相続の税理士選びチェックリスト①
◎相続の相談先として適しているか? チェックリスト
当コラムの読者は、すでに特定の税理士とお付き合いのある方も多いでしょう。
ただ、次のチェックリストに一つでも心当たりがあれば、相続税についてはアドバイスを求める税理士を検討された方がいいかもしれません。
□個性の強い土地を所有している
□税理士が不動産評価について多面的な検討(不動産鑑定士による鑑定、土地家屋調査士による測量等)をしていない。または検討しない理由を説明されていない
□担当税理士の相続税申告件数が年に1~2件と少ない
□相続税試算がメモ書きレベルの簡易なものである
□相続税申告報酬(見積もり)が相場よりかなり安い
□担当税理士(担当者)があまり不動産に詳しくない
□土地の評価方法について説明がない
□土地の詳細な現地調査や役所調査をしていない
□相続税試算結果または申告書に附属書類(公図・路線価図・住宅地図等)がついていない
◎決め手はやっぱり不動産
日本の相続では、財産内訳のうち約4割を不動産が占めています。
値札のない、この不動産をいかに評価するのかが、相続税の多寡はもちろん相続の形をも決めていきます。
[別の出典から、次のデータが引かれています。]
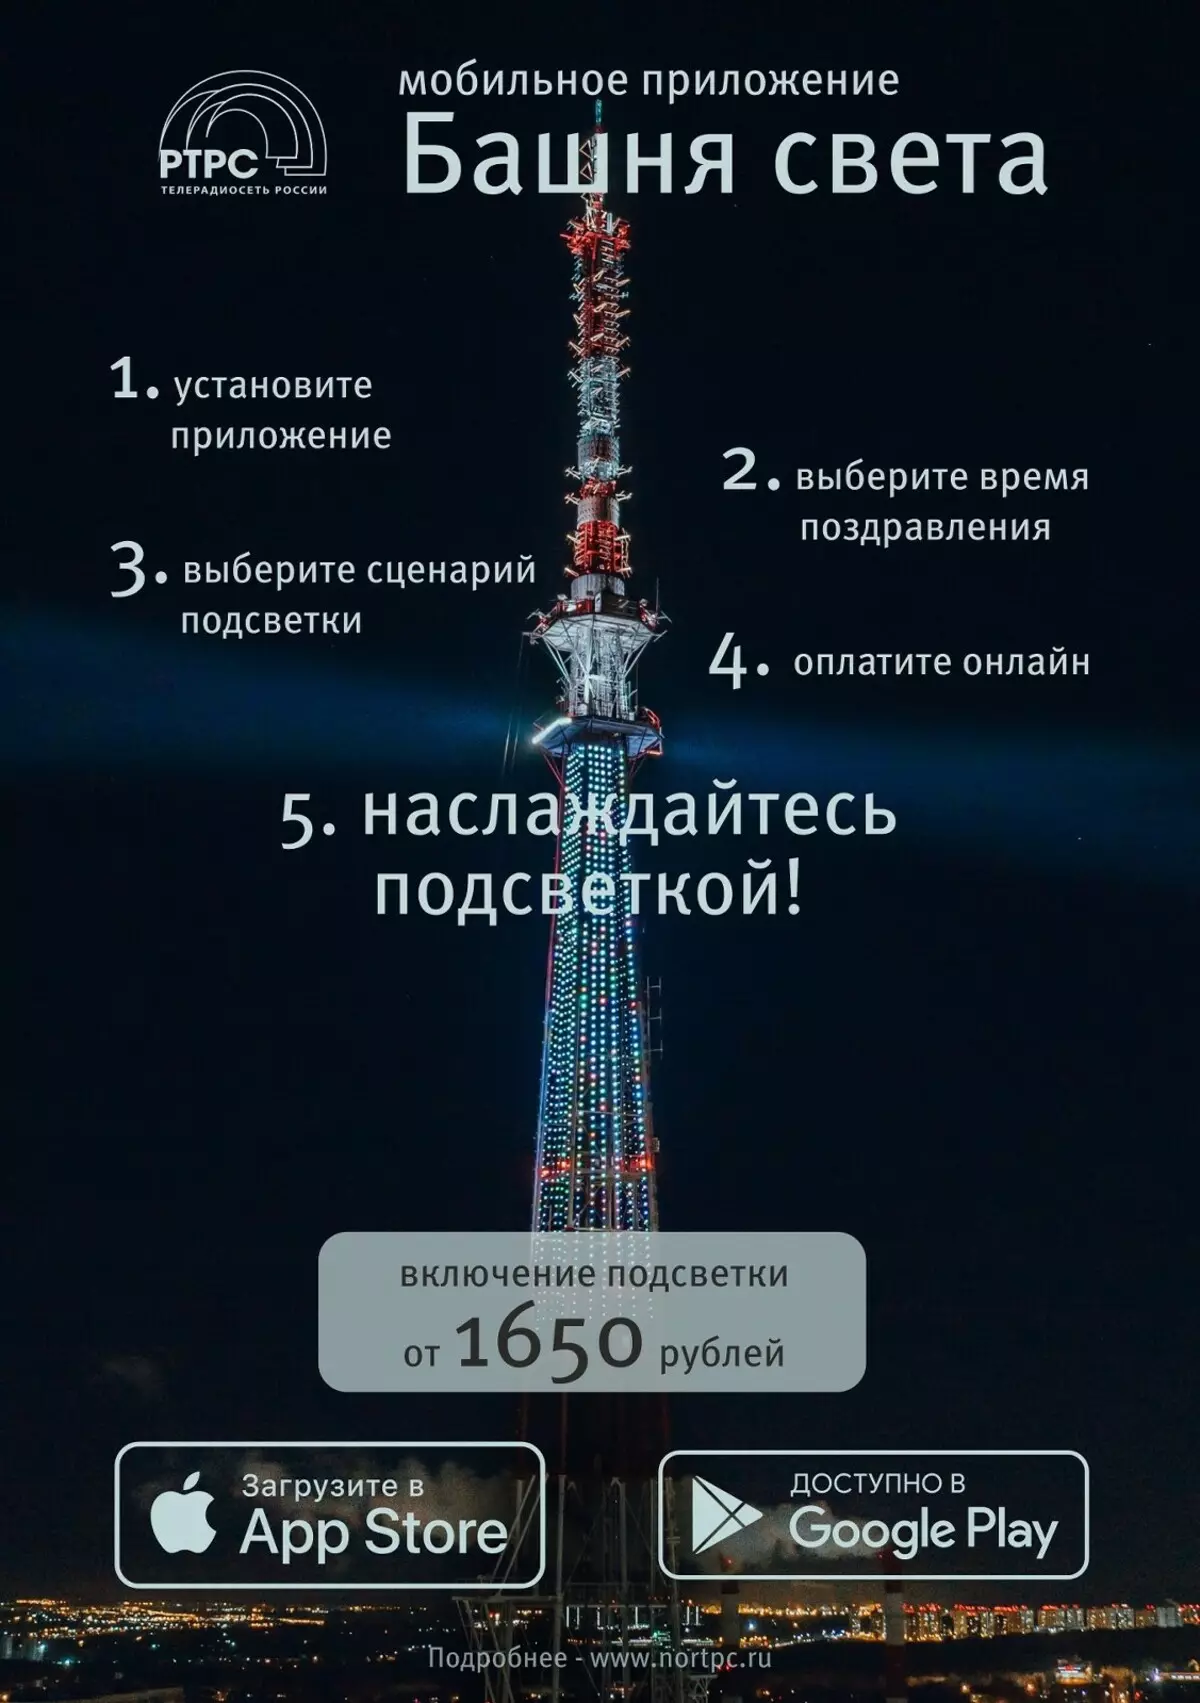 Nizhny Novgorod kan göra ljus grattis på tv 20952_2

知識や経験の浅い税理士に委ねると、適切な答えが得られないか、または得られたとしても時間がかかりがちです。
税理士資格を持っているとはいえ、税理士になるための試験で現実世界にあるような個性豊かな土地評価の問題は出ません。試験は相続税の計算のカラクリを理解しているかどうかが重要なのであって、土地評価をあまり問題にはしていないからです。
試験には出にくい個性の強い土地をお持ちの方こそ、相続経験豊富な税理士に相談を寄せるべきです(余談ですが、私は机上の空論になりがちな勉強よりも実体験の方が何倍も価値があると思っています)。
◎不動産評価にはセカンドオピニオンも有効
一物四価(1つの不動産に4つの価格がある)といわれるくらい、不動産の評価額は目的によってまちまちです。
売買取引なのか、相続税申告なのか、評価をするならその目的に適合した評価額を出すべきですが、相続税において時価評価(鑑定評価)の視点が必要となることもあります。このとき頼りになる専門家に不動産鑑定士がいます。
例えば公図を見て縄延び・縄縮み(登記記録の面積と実際の面積が異なること)に気がつくかどうかは経験に左右されるもの。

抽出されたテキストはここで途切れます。